Vinegar, aka ethanoic acid

This is the best acid to put on chips. It is also great on crisps.

I like ethanoic acid because the smell pleases me. It is probably the most mouth-watering of all smells, which is funny because it would likely be aversive if I hadn't grown up with vinegar put on delicious things. I used to drink vinegar out of the bottle sometimes to enjoy the intense sensation of sourness. It is also used in condiments like ketchup, mayonnaise and mustard, where it acts as a preservative as well as a flavouring.

Vinegar is widely used in pickling; like most organic acids, it has pretty strong anti-microbial properties. It is also notably easy to make - if you leave alcoholic liquids open to the air for a few days, airborne bacteria will colonise them and digest the ethanol to produce ethanoic acid. If you don't have any alcoholic liquids, you can start with a sugary liquid, give yeast a chance to act on it (again, plenty of this is available just floating around in normal air) and then let the bacteria do their work.

In its pure form, ethanoic acid is sometimes called 'glacial acetic acid' because it freezes at 16°C - the temperature of a room that is slightly too cool to be comfortable. I'd always wondered why they called it 'glacial' until the first time I came into my lab's store room, to find that the ethanoic acid had frozen solid, glistening in the light like a cylindrical ice sculpture. Interestingly, in this pure form the acid is flammable as well as corrosive.
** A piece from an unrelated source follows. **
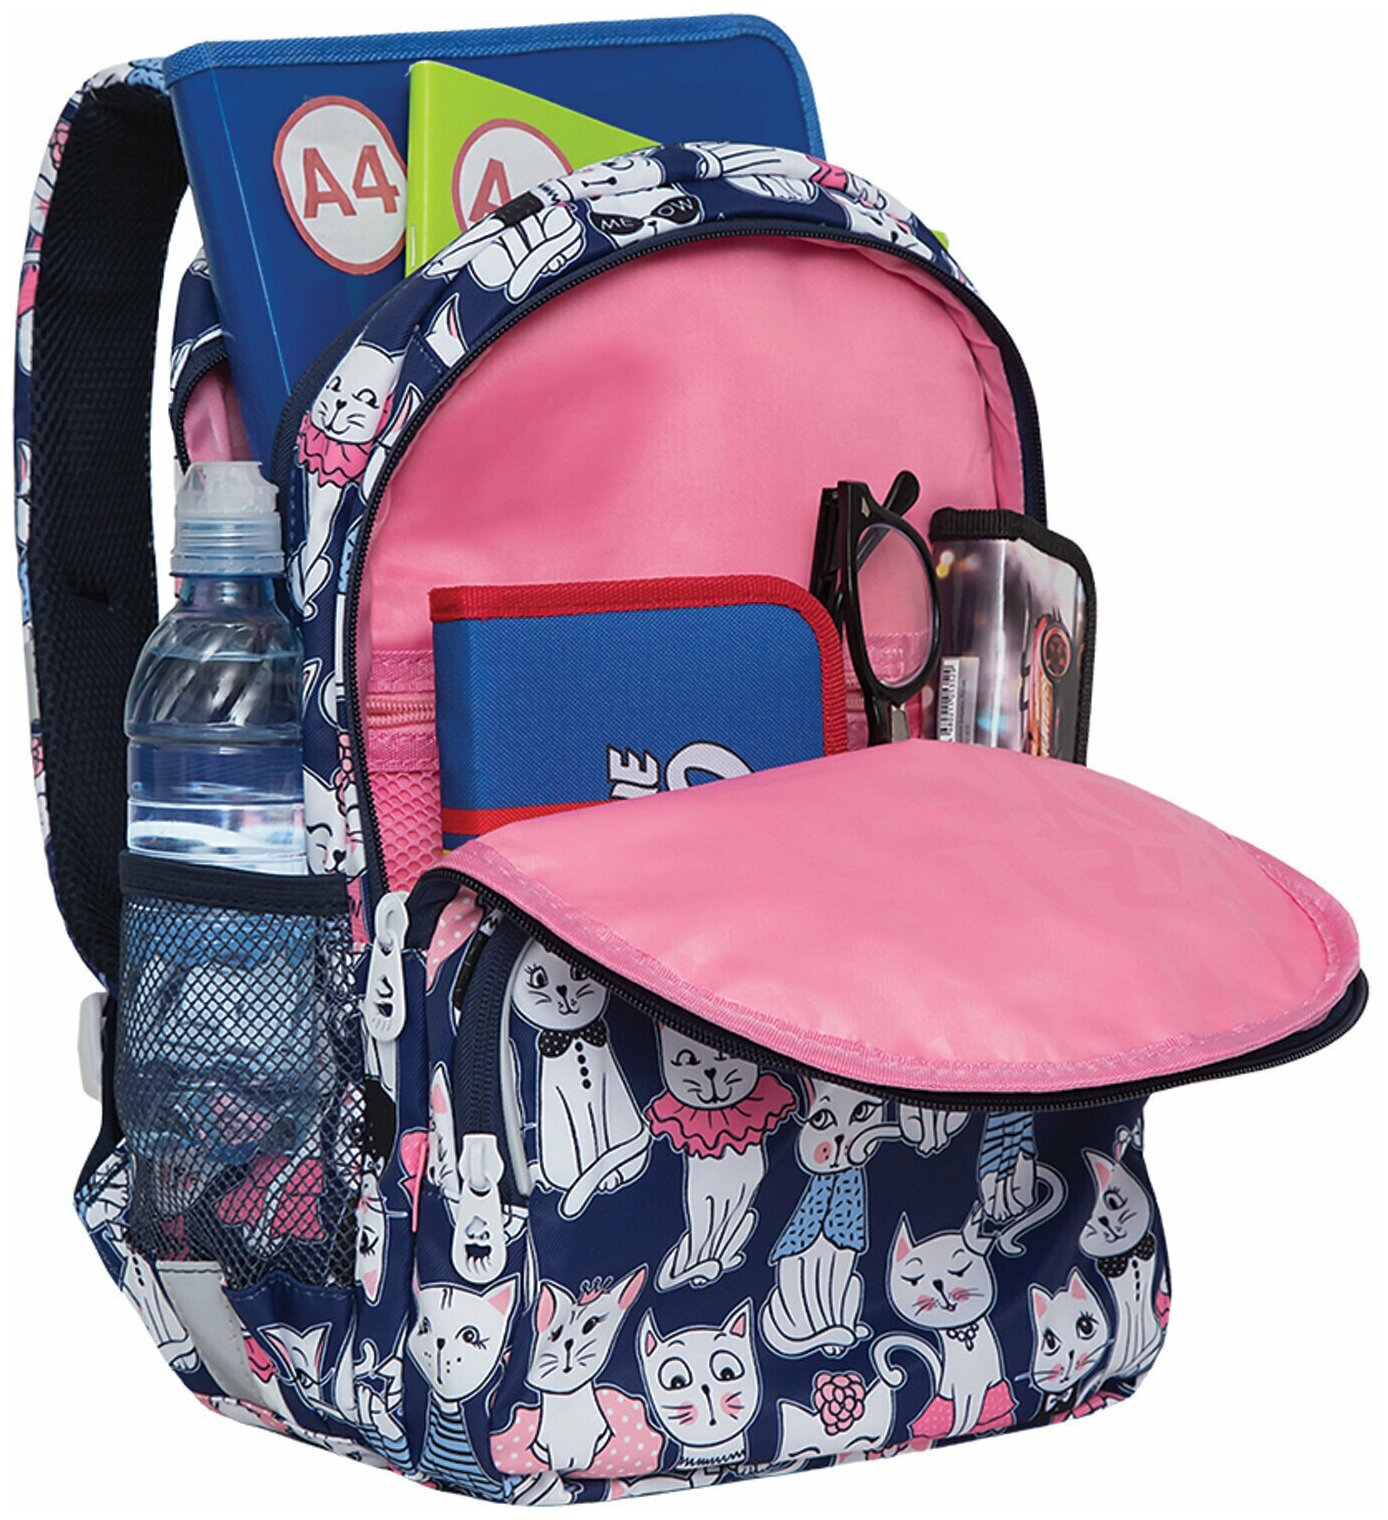 Рюкзак GRIZZLY школьный, анатомическая спинка, карман для ноутбука, для девочек, «Мяу», 40×27×20 см, RG-160-4/1

Vinegar is famously useful as a household cleaner, and it is especially effective on glass, but you might like to know that it is useful for this purely because it's an acid. Less smelly alternatives are available, if you don't want your windows to smell like they would be delicious on chips.

2. Lactic acid

aka 2-hydroxypropanoic acid

In some ways I like lactic acid even better than ethanoic acid, but it loses marks because it is the acid that builds up in our muscles when we over-exert them (it is produced by anaerobic respiration) and it is also the main acid responsible for tooth decay.

Still, without lactic acid we would have no yoghurt - it is called 'lactic' after milk because of this, but when you see 'lactic acid' as an ingredient in food (which you will, often, if you look) it is almost always from a vegan source. The acid curdles the milk, denaturing its proteins so that they form a semi-solid matrix.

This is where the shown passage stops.